• _What to do_: From the line that contains "A MARKED 835" down to the last line of the listing below, reproduce each line exactly but not the pictures.
[Supplied material Boundary: Start]
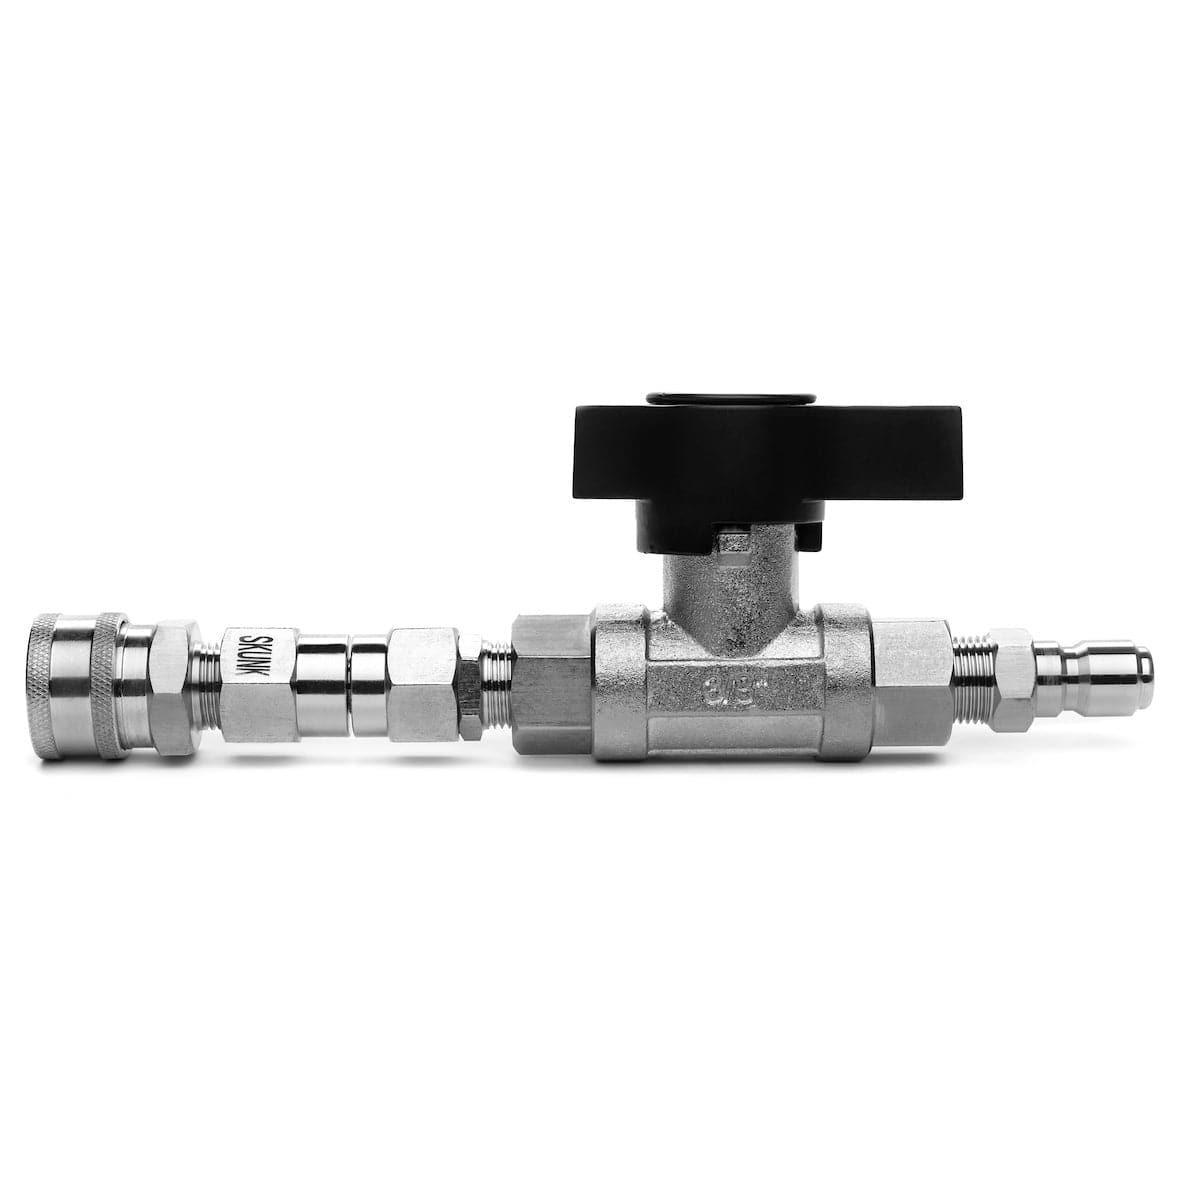 Southeast Softwash High Pressure 3/8 Ball Valve and SKUNK Swivel Combo Set | Assembled
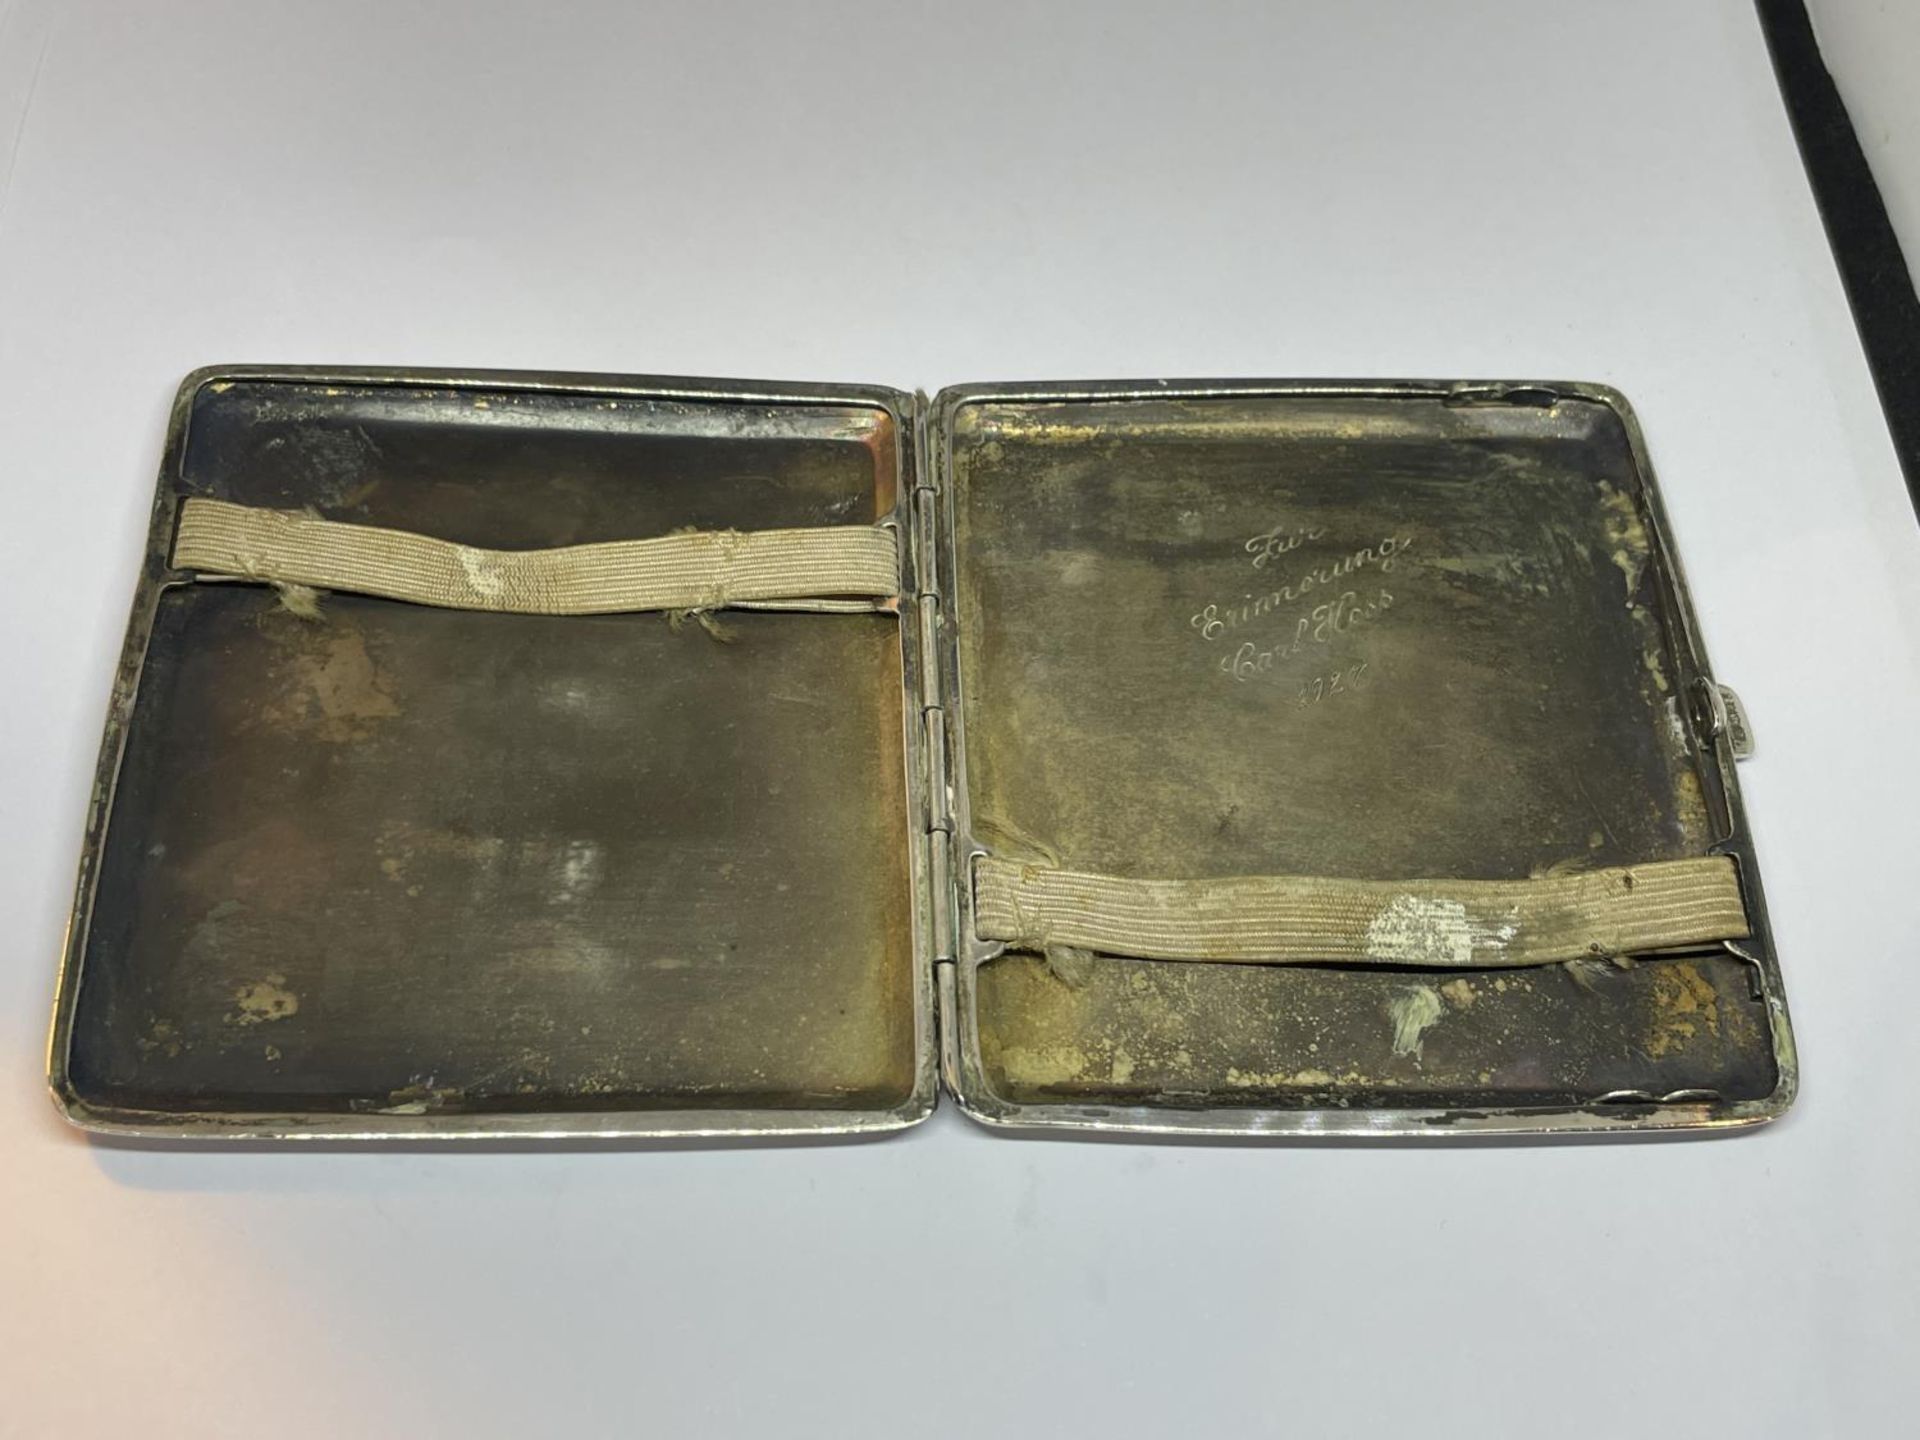 A MARKED 835 SILVER CIGARETTE CASE - Image 2 of 4
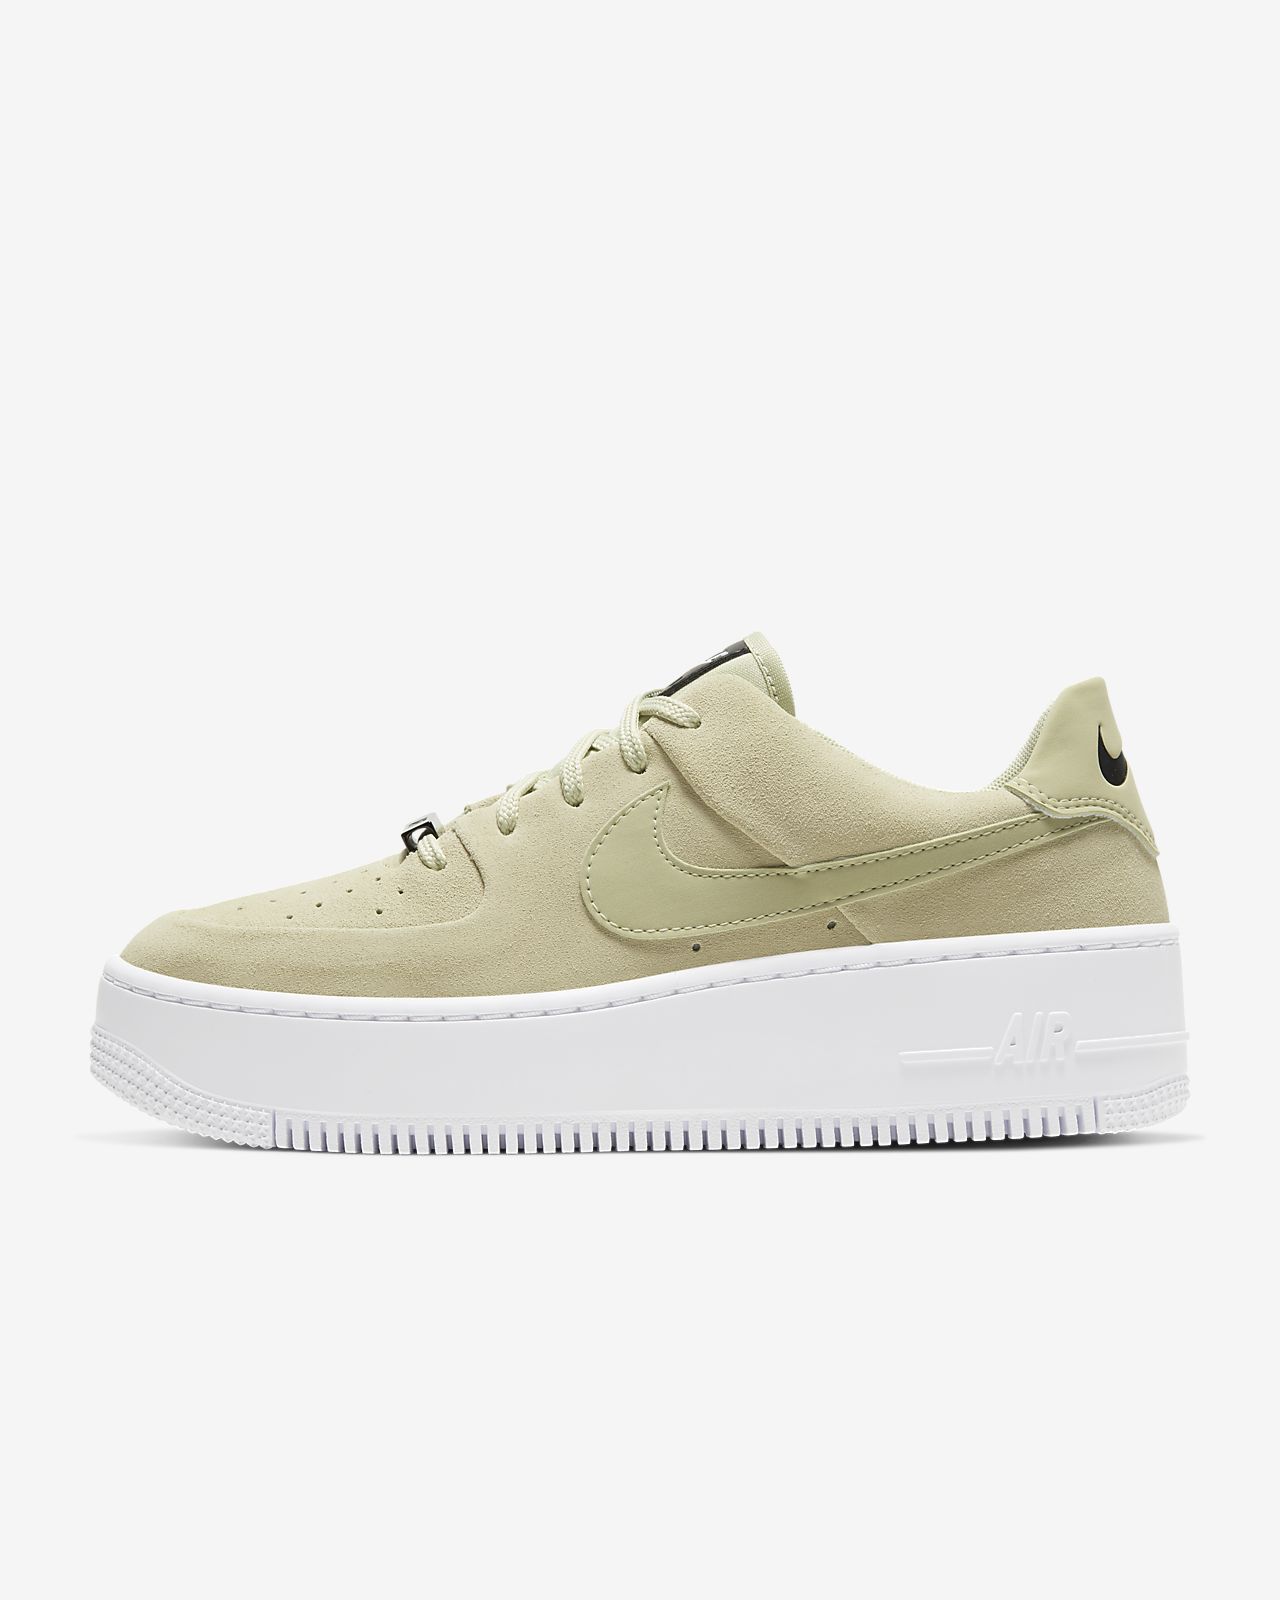 nike air force 1 femme suede
[Supplied material Boundary: End]
• _Exercise answer_:
 A MARKED 835 SILVER CIGARETTE CASE - Image 2 of 4
 nike air force 1 femme suede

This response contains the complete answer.